= Rancho Guejito =

Mexican land grant in California

Rancho Guejito (Spanish: Rancho Güejito; /es/) is a 13299 acre Mexican land grant in Southern California, approximately seven miles east of Escondido. Established in 1845, it remains one of the few intact Mexican land grants in California and has been the subject of conservation and development debates. The ranch has expanded to a total of 22359 acre through the acquisition of adjacent land.

==History==
In 1845, the 13299 acre Rancho Guejito y Cañada de Palomia was granted by Mexican governor Pio Pico to customs inspector and Justice of the Peace José María Orozco.

With the cession of California to the United States following the Mexican–American War, the 1848 Treaty of Guadalupe Hidalgo provided that the land grants would be honored. As required by the Land Act of 1851, a claim for Guejito y Cañada de Palomea was filed with the Public Land Commission in 1852, and the grant was patented to George W. Hamley on May 24, 1866, affirming his legal ownership.

Following Hamley's ownership, the land changed hands multiple times, with subsequent owners expanding its boundaries through the purchase of adjacent properties.
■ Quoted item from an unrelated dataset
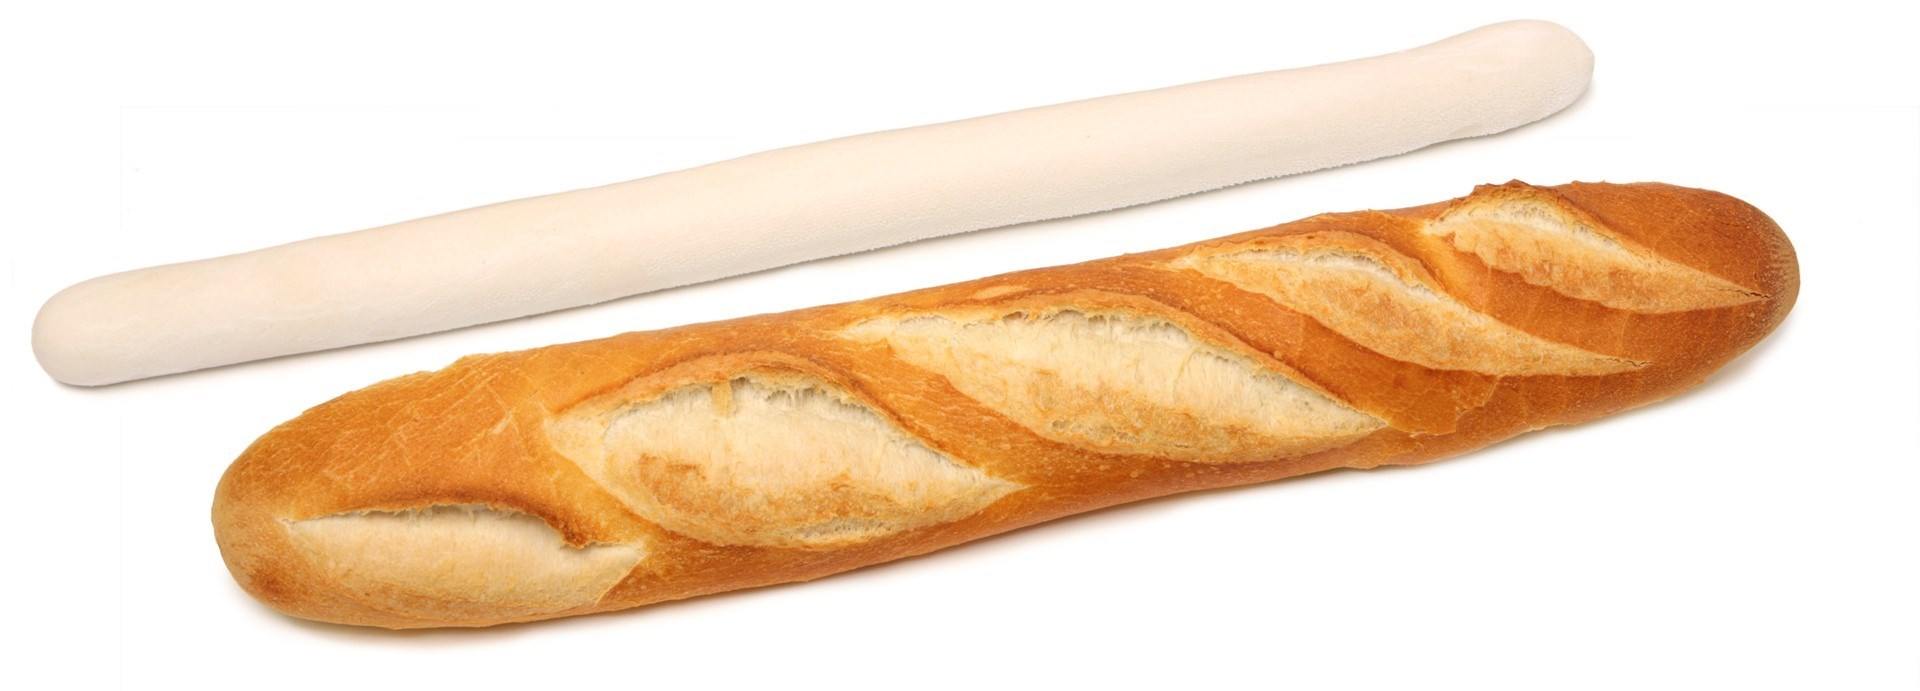 Productafbeelding I881 Cru baguette wit 330g

By the late 20th century, the total acreage had grown to approximately 22000 acre.

Subsequent owners purchased adjacent properties, expanding the total acreage to about 22000 acre.

In 1974, the state parks division recommended acquiring Rancho Guejito as a park and nature reserve, but the purchase was vetoed by incoming Gov. Jerry Brown due to the cost. In 1974, industrialist Benjamin Coates purchased the land for $10 million. Since then, the land has remained mostly undeveloped and used as a cattle ranch.

Coates died in 2004. The land is owned by The Rancho Guejito Corporation, headed by Coates's daughter Theodate Coates.

Between 2003 and 2007, approximately 93 percent of the area was burned in several wildfires. An October 22, 2007 fire that began in the San Pasqual Valley near Guejito Creek, which is across the highway from Rancho Guejito, was dubbed the "Guejito Fire." The Guejito Fire merged into the Witch Fire early on October 22, which went on to burn homes in Rancho Bernardo and resulted in two deaths. The fires later resulted in settlements from utilities related to power lines that ignited the fire.

==Modern development==
The ranch taps a water supply deep below the surface of the ground, which has facilitated its investment in agriculture and the expansion of its historic cattle ranching business. Starting in 2007, the ranch has planted approximately 500 acres of organic avocado groves, citrus trees and wine grapes. The ranch has pioneered local adoption of water-efficient technology including moisture sensors and a high-density planting method, allowing it to grow crops with one-fourth of the water used by other growers.

In 2009, representatives from The Rodney Co. contacted the county to discuss plans for developing the tract. Representatives proposed building approximately 10,000 homes and preserving about 16,000 of the 22000 acre in its natural state. Conservationists and residents of nearby communities have opposed development of the land.

In 2022, after 177 years of selling ranch-raised beef at auction, Rancho Guejito launched a direct-to-consumer beef program.